During the day, I tackle several priorities, including answering emails and inquiries from wholesalers and customers, liaising with suppliers and dealing with any stocking issues. I also oversee blog and social media postings and keep in daily contact with my formulator/chemists, manufacturers and freelancers around the globe on Slack.

While I work super hard, I believe in taking the time for yourself. I recently spent two months in Bali, Indonesia. Self-care is important. Think of yourself as the most important machine in your factory of life. Without me, there would be no business, so it’s important to work efficiently and take the time you need for yourself.

Wyld Skincare sponges and bath salts line bath tub rim

Tips for getting started and building your brand

Surround yourself with people who inspire you. Before you take the leap into starting your own business, make sure you connect with the right people, like a startup community and network hub. I launched my company in August 2016 and didn’t know everything, but I made a list in my mind, took free digital marketing, social media and design workshops and was as proactive as possible. 

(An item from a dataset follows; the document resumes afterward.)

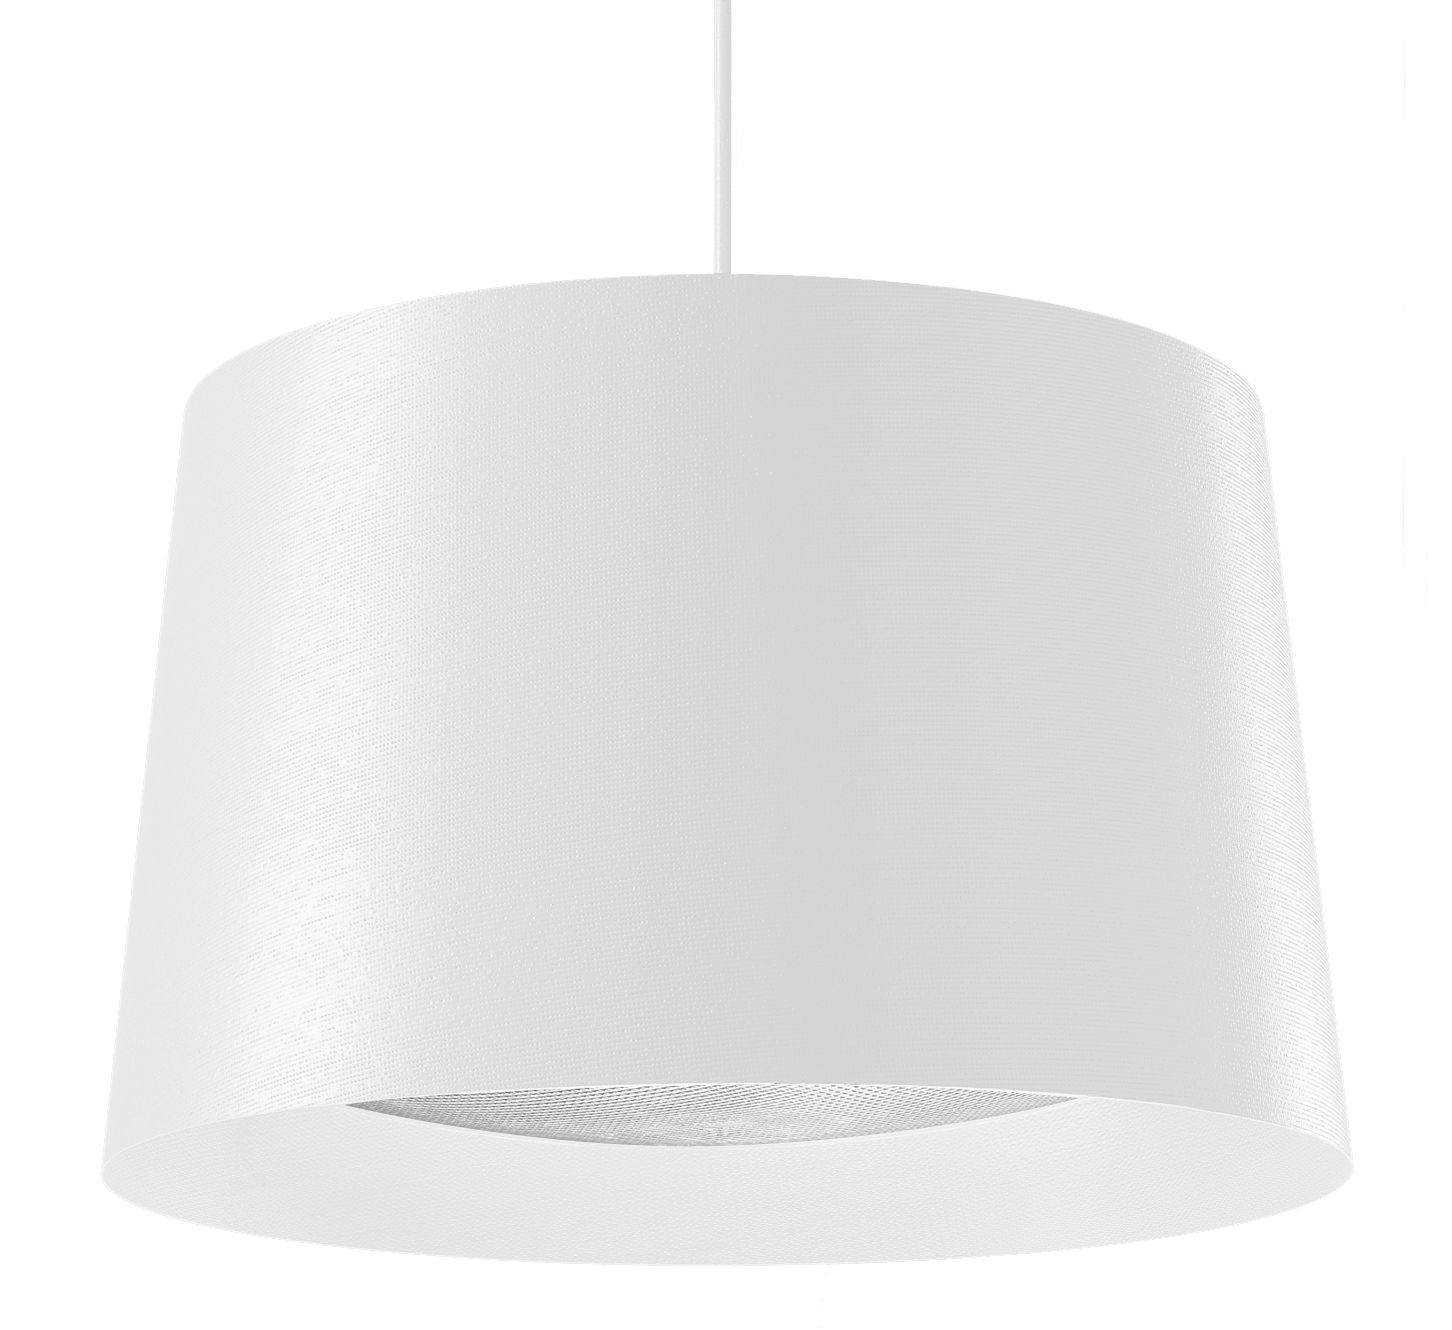 Luminaire - Suspensions - Suspension Twiggy Large / Ø 46 x H 29 cm - Foscarini - Blanc - Fibre de verre, Matériau composite

I wanted to put my name behind a product that aligned with my values and of living an eco-conscious life with less waste and no single-use plastics.

Joy Yap  —  CEO, Wyld Skincare

Hire dependable freelancers. My company is growing so fast it’s scary sometimes. If you don’t hire the right people, it can affect the growth of your business. In the beauty industry, if you take your eye off the game, you become irrelevant quickly, so it is important to stay humble, and always be one step ahead. I look for team members who are creative-minded with a great work ethic. I hire freelancers or contractors. I’m in the process of building a dream team around the globe to help with marketing, operations and sales.

Fear is the no. 1 obstacle facing entrepreneurs. People are instinctively fearful of failure, of not being good enough or of being judged. It’s normal to feel those things and to have doubts. My recommendation is that if you want to achieve something, you must change your mindset and remove your self-limiting beliefs. As former U.S. president Franklin D. Roosevelt once said: “The only thing we have to fear is fear itself.”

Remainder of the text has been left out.